You can do this with just grep. Where file.txt is your file and word is the text you want to highlight, you can use:

grep --color -E 'word|$' file.txt

This matches and highlights occurrences of word. In addition, it alternatively (|) matches and highlights the empty string at the end of each line ($). But since that string is empty, no extra text is actually highlighted.

Matching $ in addition to word serves the purpose of ensuring every line contains a match. Then grep prints every line, even without the -A, -B, or -C options or any calls to other utilities.

The -E flag makes grep interpret its pattern argument as a POSIX extended regular expression (ERE). Depending on what characters are in word, you may want to make it use a basic regular expression (BRE) instead. Although alternation with | is not officially part of POSIX basic regular expressions, grep implementations often support it as an extension with \|:1

grep --color 'word\|$' file.txt

In particular, on GNU/Linux systems you have GNU Grep, which supports this. If you are relying on --color, you can likely rely on this behavior too.

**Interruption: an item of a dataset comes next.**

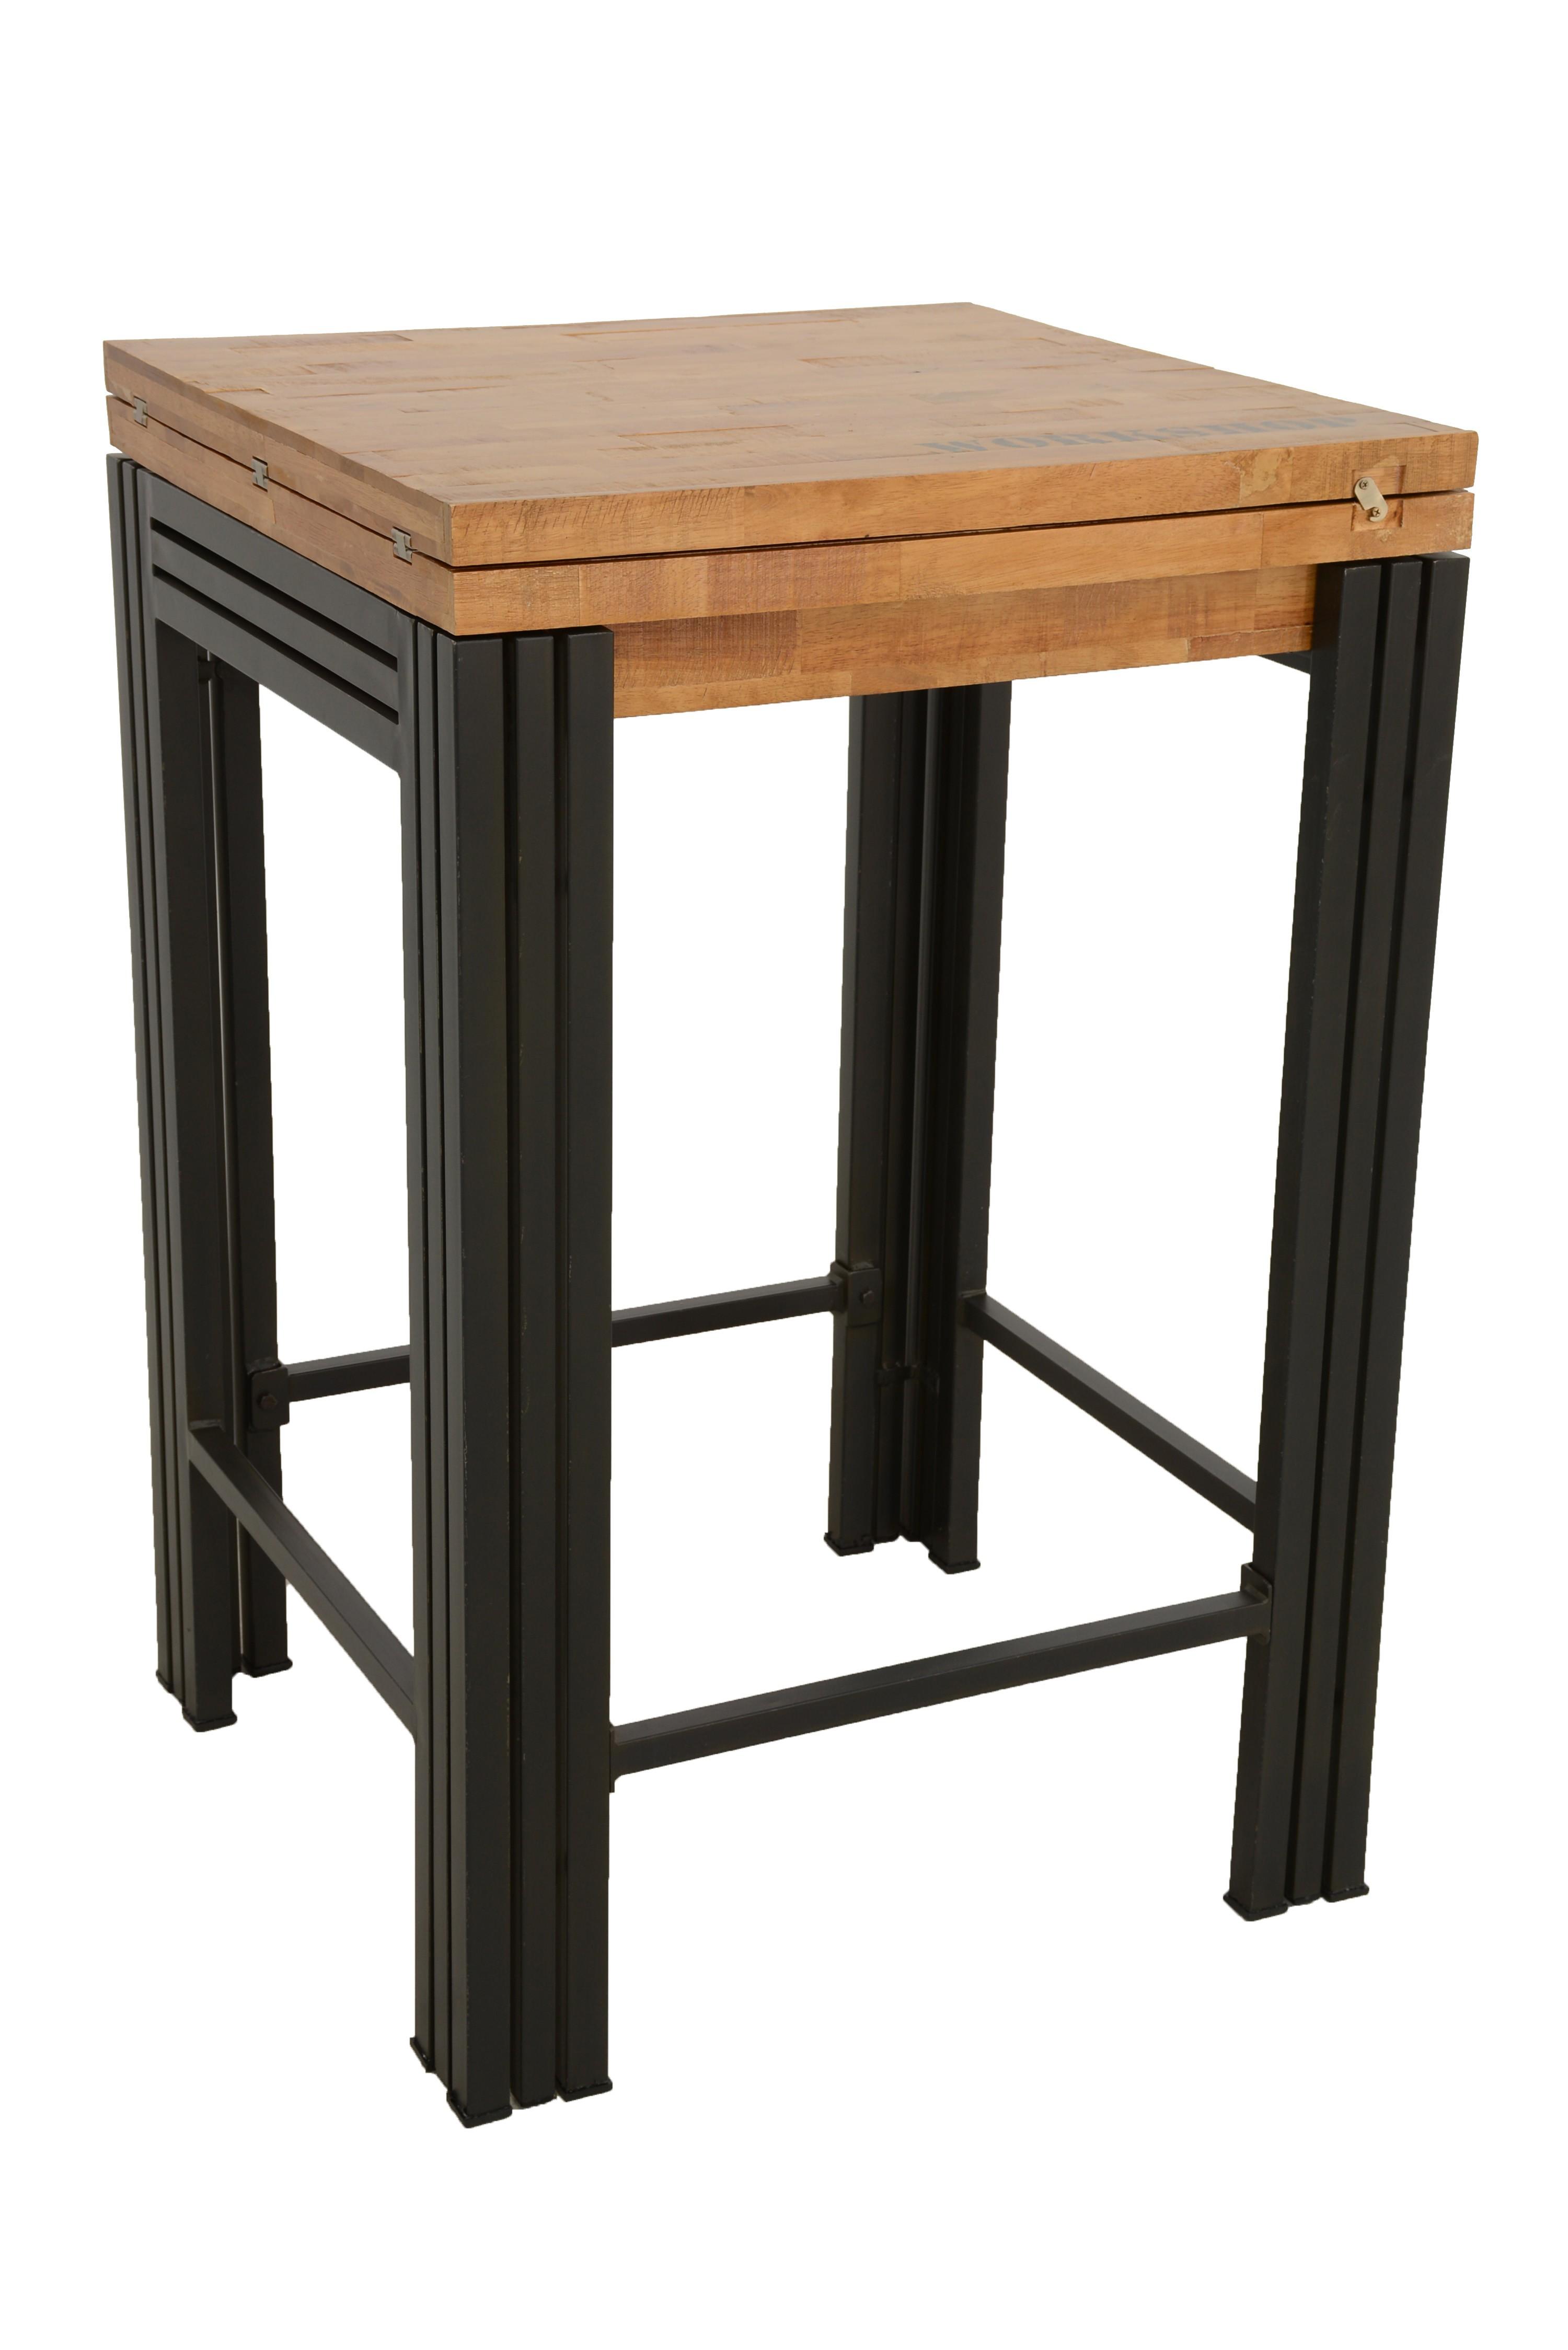 Table bar mange debout carr e extensible h v a recycl Table bois metal extensible

These commands are simpler than the way in goldilocks's answer. But the technique in that answer does have a distinct advantage in some circumstances. Since the methods here use | and $, they have to really be regular expressions, rather than fixed strings. However, with goldilocks's method, you can add the -F flag. Then word can contain whatever text you like, even \, provided you quote word properly to ensure the shell passes it to grep unmodified.

For example, you can use:

grep --color -FC "$(wc -l < file.txt)" 'word' file.txt

For further reading, see Convince grep to output all lines, not just those with matches (as steeldriver suggested).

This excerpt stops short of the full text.